Extracted data:
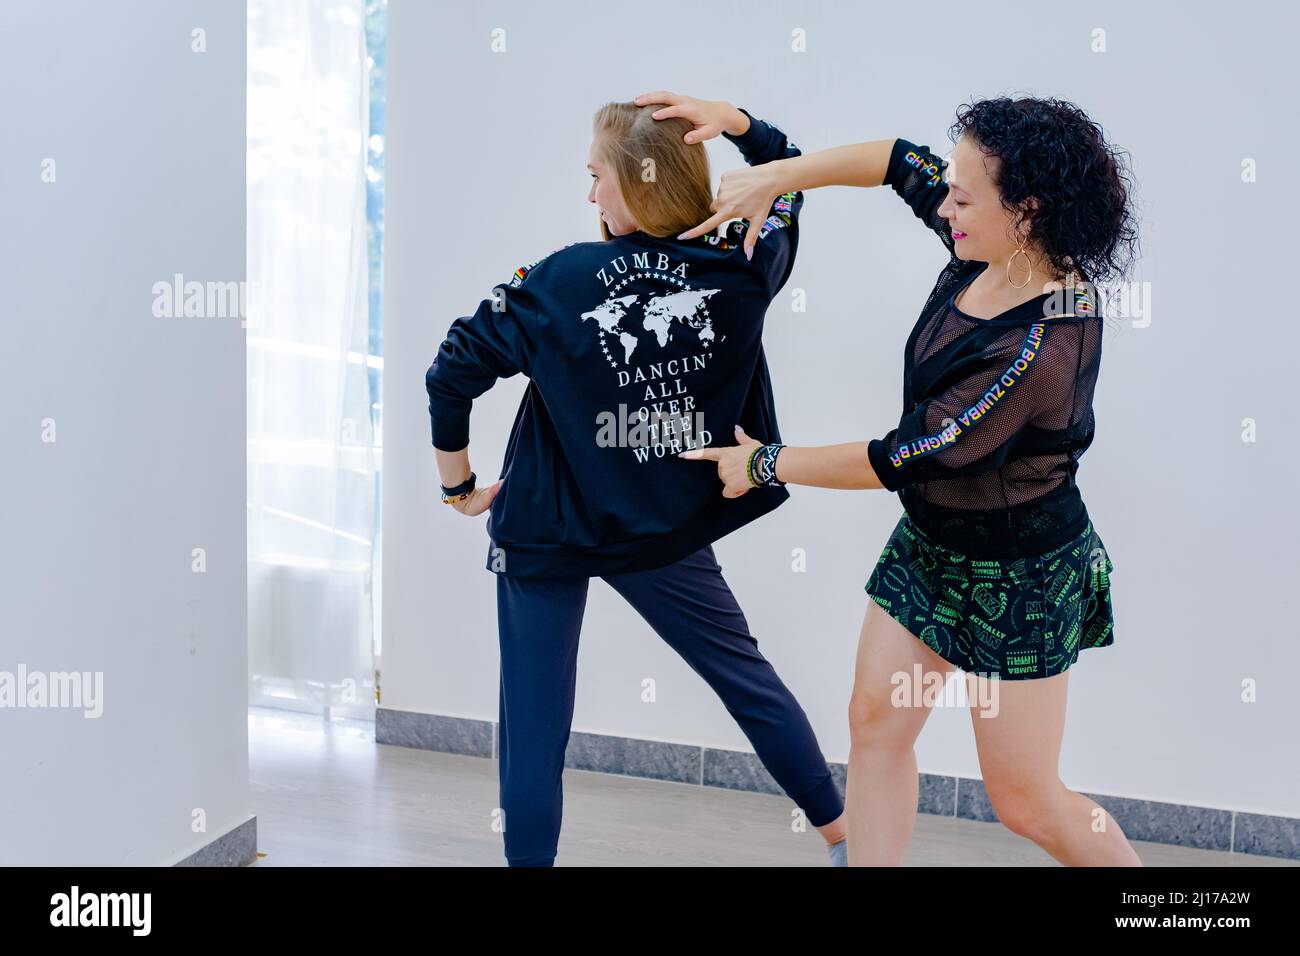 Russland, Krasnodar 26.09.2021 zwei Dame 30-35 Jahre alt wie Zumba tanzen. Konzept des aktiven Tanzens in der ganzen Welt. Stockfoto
--
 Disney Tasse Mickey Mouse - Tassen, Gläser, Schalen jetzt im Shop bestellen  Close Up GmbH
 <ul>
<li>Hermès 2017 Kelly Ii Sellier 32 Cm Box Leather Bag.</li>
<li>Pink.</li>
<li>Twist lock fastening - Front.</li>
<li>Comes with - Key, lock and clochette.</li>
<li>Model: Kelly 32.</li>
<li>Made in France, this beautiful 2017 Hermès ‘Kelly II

The task: Of the lines above, retype only those from the line containing "<li>Model: Kelly 32.</li>" through the line containing "<li>Made in France, this", including both, exactly.

Result of the exercise:
<li>Model: Kelly 32.</li>
<li>Made in France, this beautiful 2017 Hermès ‘Kelly II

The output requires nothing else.